DUVAR - CHP Genel Başkan Yardımcısı İzmir Milletvekili Zeynep Altıok Akatlı ile özellikle son dönemde kültür sanat alanında söz konusu olan baskılar, ihraç edilen sanatçılar, ödenek verilmeyen kurumlar, destek görmeyen sanatçıların bireysel çabalarıyla ulaştıkları sanat alanları, AKM gibi pek çok konuya dair fikirlerini konuştuk.

Kültür sanat alanında neler yolunda sizce?

İnsanların kendi çabalarıyla ulaştıkları alanlarda işler yolunda sadece. Özellikle bizim konumumuzdaki ülkelerde devletin sanatı teşvik etmesi sanat açısından olduğu kadar gelişme açısından da çok önemli. Eğitim alanında geri olan ülkelerde sanatın teşvikiyle pek çok konuda farklı bir bakış, bilinç ve vizyon kazandırılabiliyor kişiye. Burada ne yazık ki değil teşvik edilmek mevcut sanat alanlarına insanların erişimleri engelleniyor. Bu aslında bilinçli bir kültür politikası. Bugünün iktidarı, yoz ve tamamen sadece biat eden, sadece kafa sallayan, sorgulamayan bir toplum yaratmak istiyor.

Görüyorum ki özellikle kültür sanat ve eğitim politikaları iç içe düşünülerek kısıtlanıyor, sansürleniyor, sanata ket vuruluyor. Kültür sanat insanları, aydınlanmayı sağlayacak kişiler hedef alınıyor. Susturuluyor. Ne yazık ki Türkiye’nin tarihinde Sabahattin Ali’den bu yana öldürülenler bu alanda çok belirleyici. Tamamı toplumu aydınlatan insanlar. Bu cinayetlerin tamamı cezasız, adaletsiz. Bu da aslında sarmalı bütünleyen yine son derece bilinçli bir tutum.

Özellikle OHAL sonrasındaki kültür-sanat atmosferini nasıl yorumlarsınız?

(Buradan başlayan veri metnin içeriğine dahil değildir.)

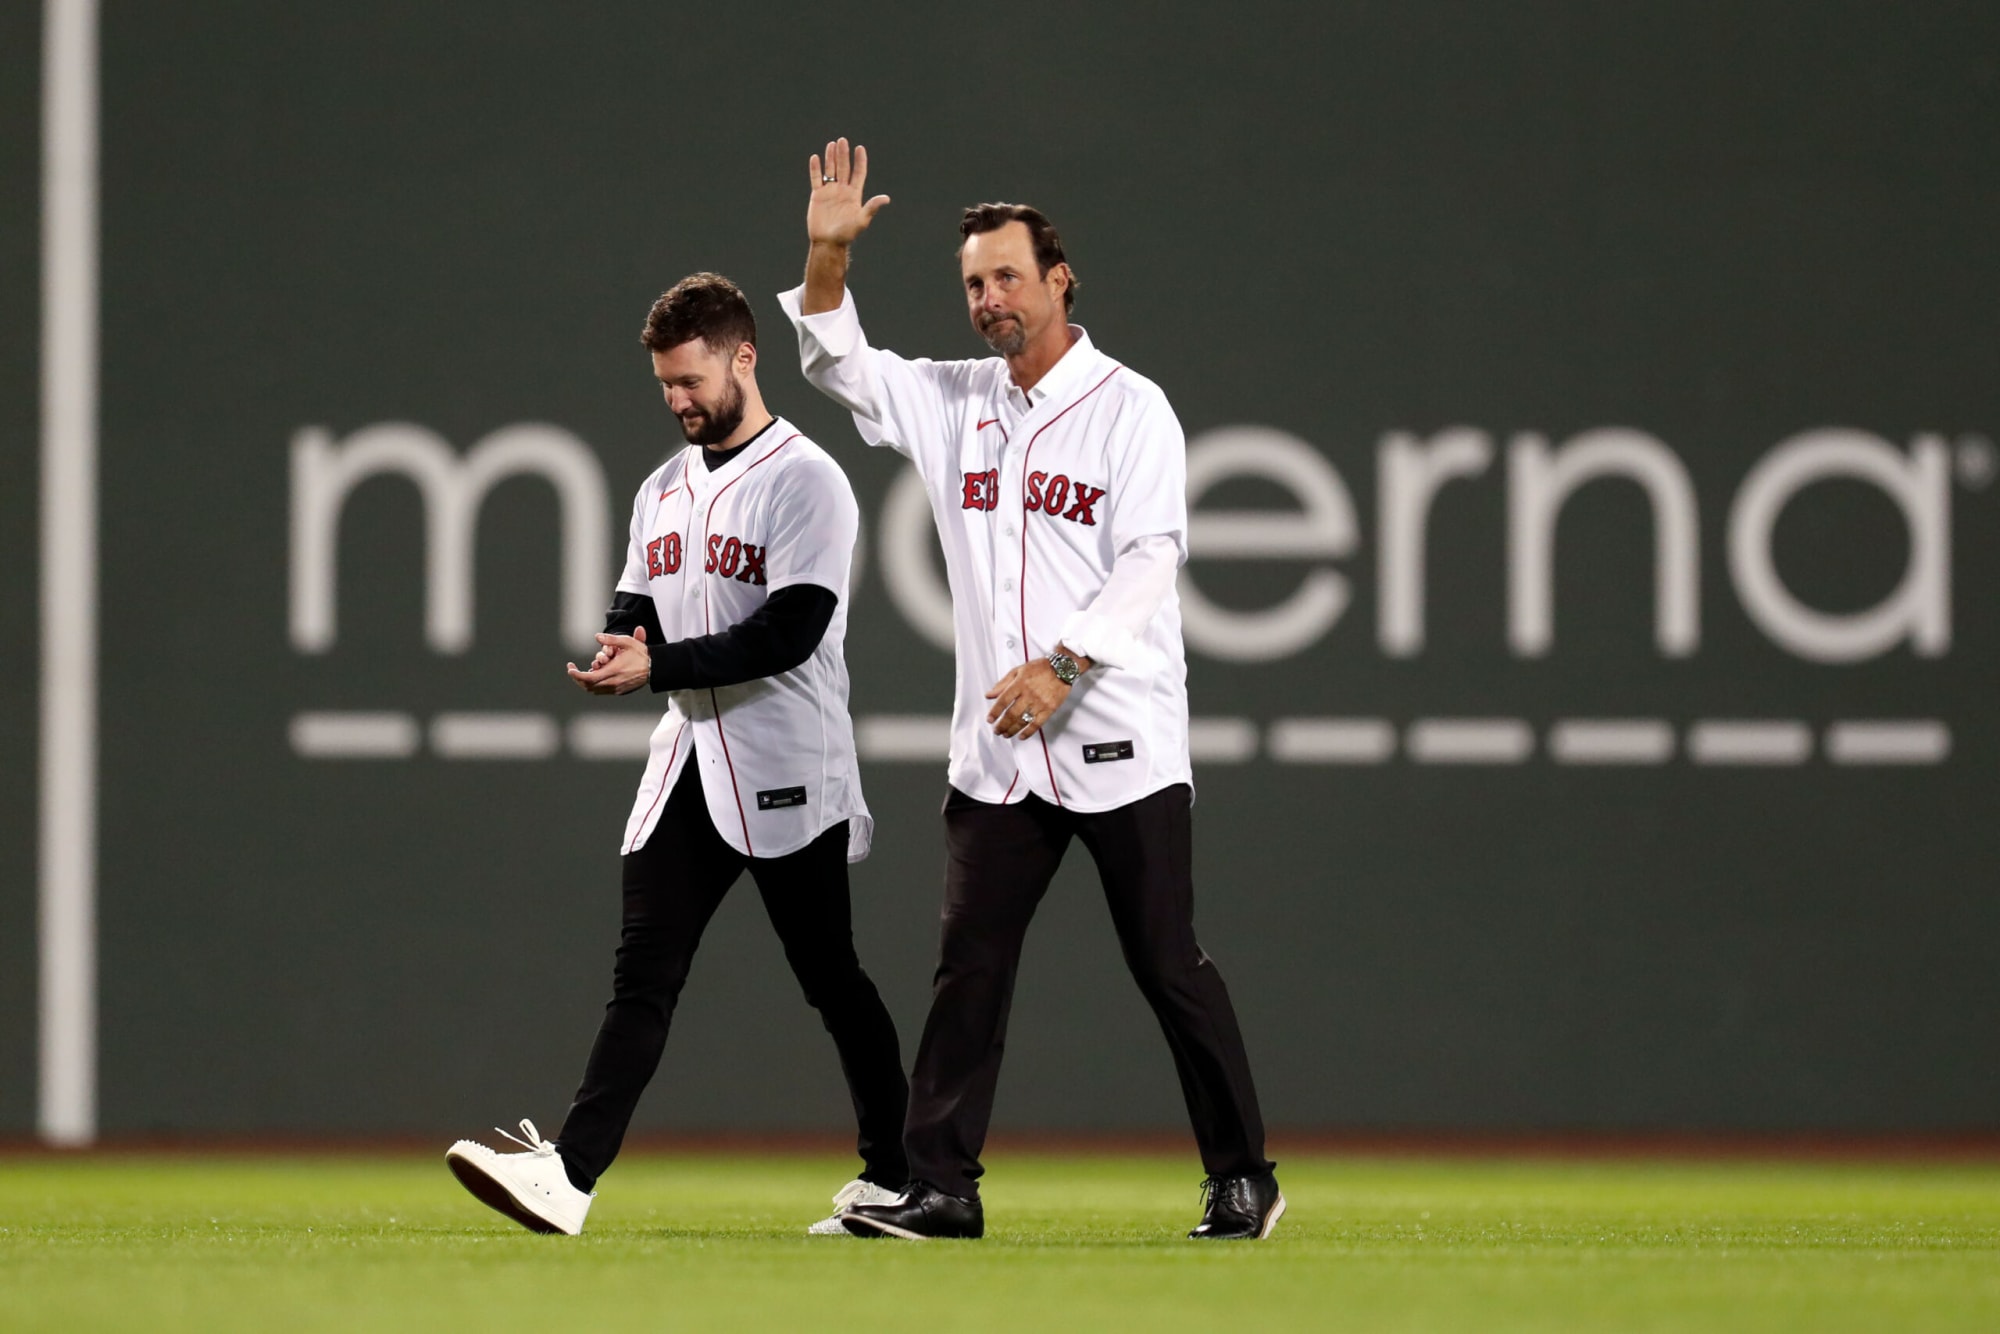 David Ortiz, Other Red Sox Legends Give Heartbreaking Tim Wakefield Tributes

Aydınlanma devrimi karşıtlığından başladığımız vakit, tarikatlar ve cemaatler üzerinden siyasal İslam anlayışını yerleştirmek isteyen bir iktidarın günden güne el yükselterek eriştiği bir noktada elbette en büyük hedef düşünce ve düşünen toplum. Bu anlamda birey olarak sanatçılar öncelikli olarak nasiplerini alıyorlar sürdürülen baskıcı politikalardan. Çünkü onlar aydınlanmayı sağlayanlar. Çok çeşitli şekillerde bir direniş olarak karşımızdalar. Eğitim yoluyla aktarılamayan toplumsal hafızayı ve pek çok unsuru aktarmayı sağlayan araç sanat olarak duruyor. Bu anlamda hem bireyin hem aracın ortadan kaldırılmasına dair sistemli engeller yaratılıyor. Böyle bir durumla karşı karşıyayız. Bu nedenledir ki bugün de en son geldiğimiz noktada örneğin Aslı Erdoğan’ın, Musa Kart’ın, Necmiye Alpay’ın yaşadığı bu sürdürülen politikada iktidarın farklılaşmadığı ortaya çıkıyor.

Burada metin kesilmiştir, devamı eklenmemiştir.